Create raw reflection ... distribute by

What does DISTRIBUTE BY mean in the CREATE RAW REFLECTION statement?

Does it have an analogue in Reflection configuration via GUI?

If you switch the UI to advanced mode in reflections, you’ll find all four categories. In basic mode for raw we only allow you to configure display columns.

Here’s what that looks like:

So what does it mean? Could you please point me to the documentation?
Also I suspect we don’t have Distribution in our version on Dremio, or maybe it does not apply to Mongo connector?
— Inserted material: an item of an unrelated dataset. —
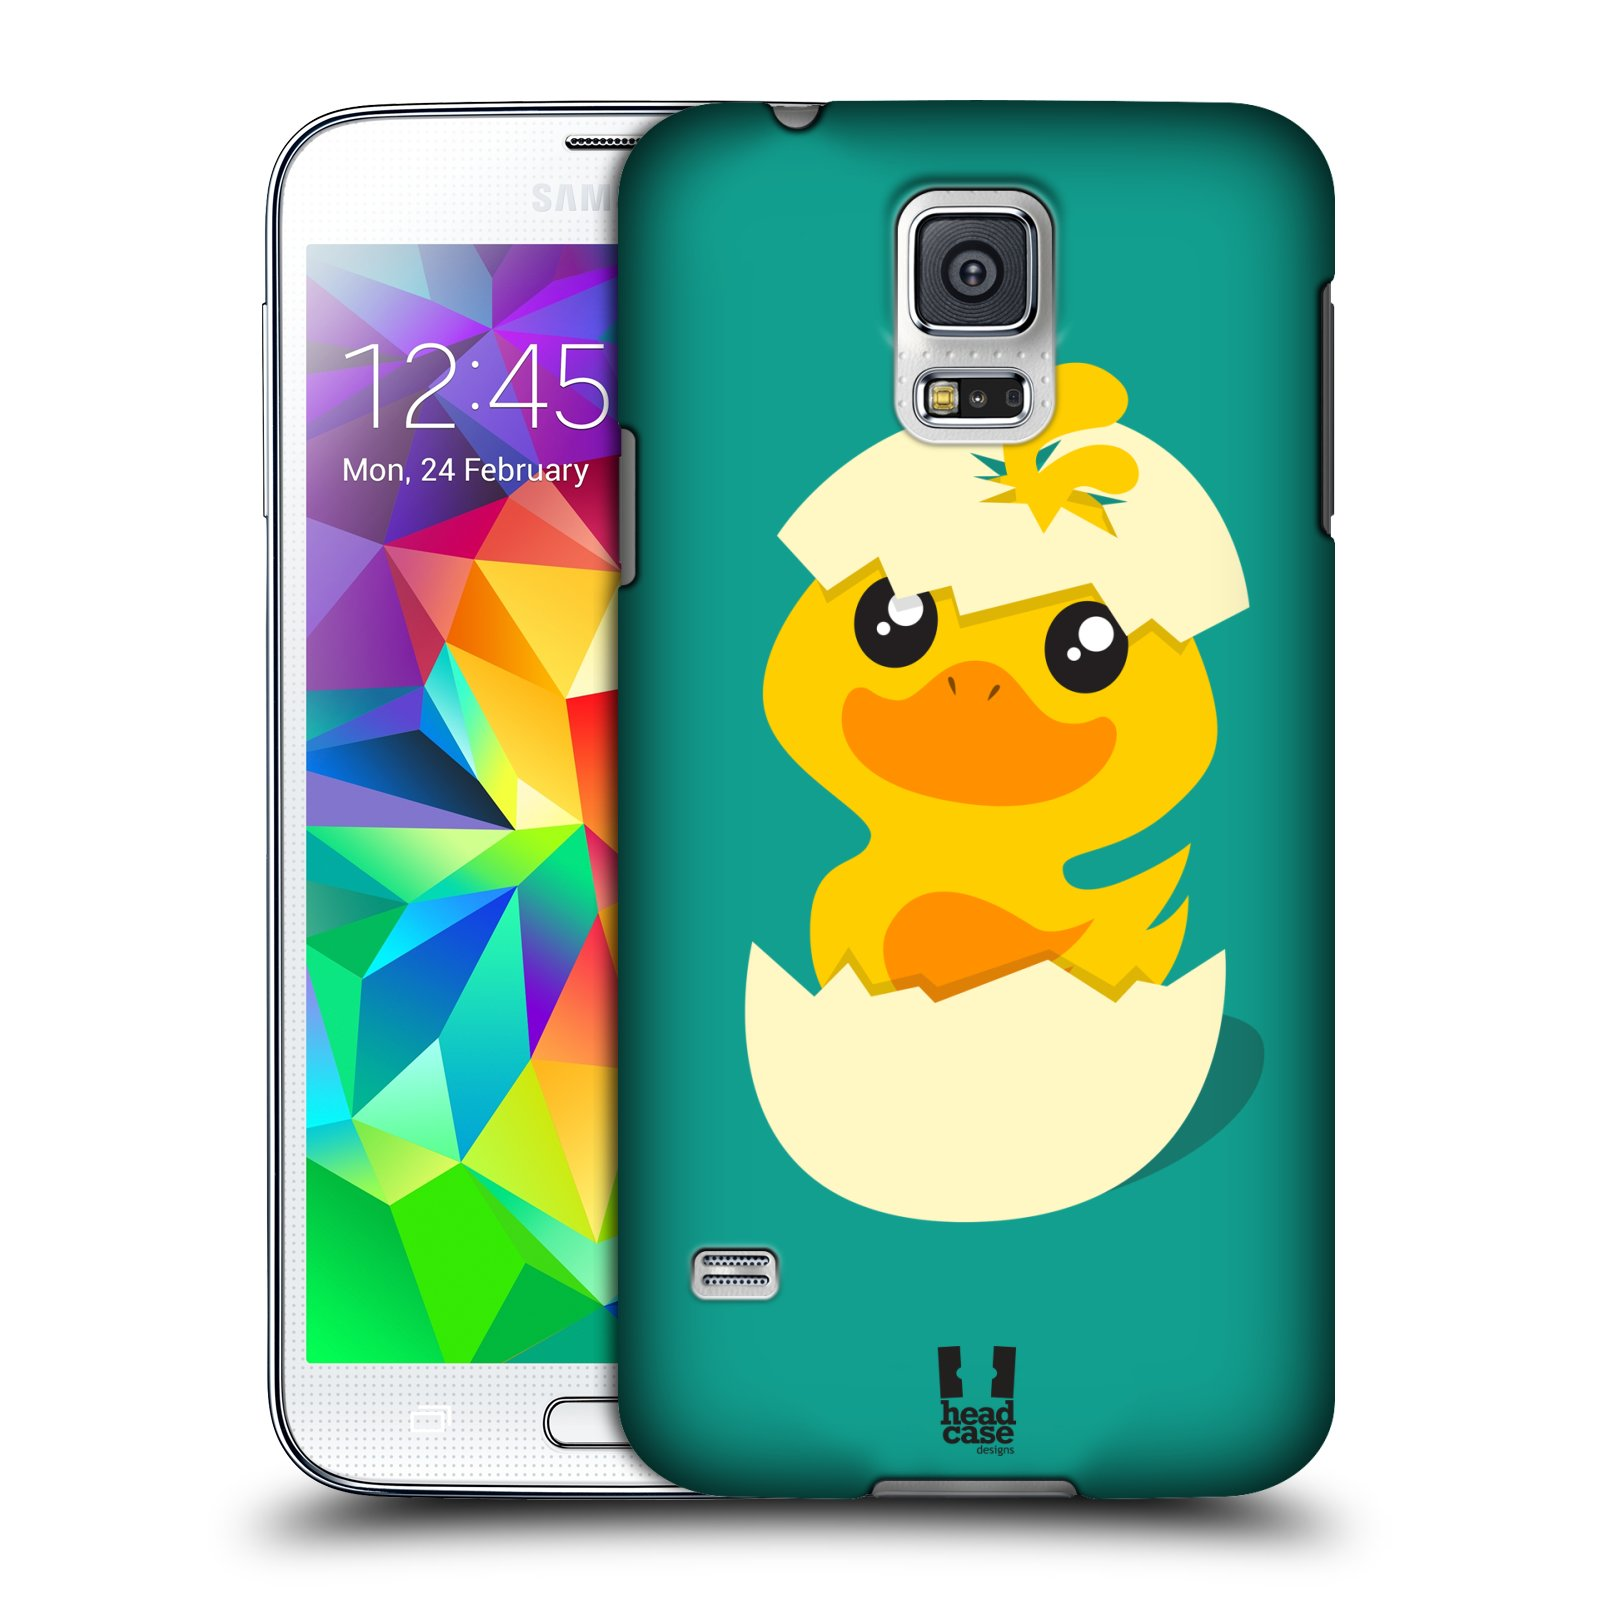 Plastové pouzdro na mobil Samsung Galaxy S5 HEAD CASE KACHNIČKA Z VAJÍČKA (Kryt či obal na mobilní telefon Samsung Galaxy S5 SM-G900F)

Build 2.0.1-201804132205050000-10b1de0


Sorry for the confusion, distribution is only available in the Enterprise Edition of Dremio. We need to improve the documentation to clarify that.

It would still be good to know what it means. In particular given that we are actively assessing Dremio and negotiating the enterprise license.

Hey @muv, distribution is not something the query engine actively takes advantage of today (in either edition) in its query planning – so we don’t recommend using this option for reflections just yet.

In general, distribution is used to co-locate all records with the same distribution fields on the same node. In the future, we expect it to provide performance lift in scenarios where you are doing fact-fact joins. In such cases, typically costs would be dominated by shuffling/remote reads.


was just wondering if there are any improvements on this front?

IMO this is one of the features that could bring performance of HDFS based Dremio deploys closer to the performance MPP databases like Redshift due to local joins.

Hey @dorianb, not yet. We’ll reach out as our plans on this solidify – let us know if this becomes a high priority item and we can track on support portal.

so where are we on this @can?

Today I realized that I spent hours yesterday trying to determine the impact of distribution strategies and it looks like there’s a really good chance the button was a placebo and I was just a monkey twisting a disconnected switch.

@jdlong Unfortunately it is not prioritized yet as other features were higher on priority, do you have a query that is running slow? Would you be able to share a profile?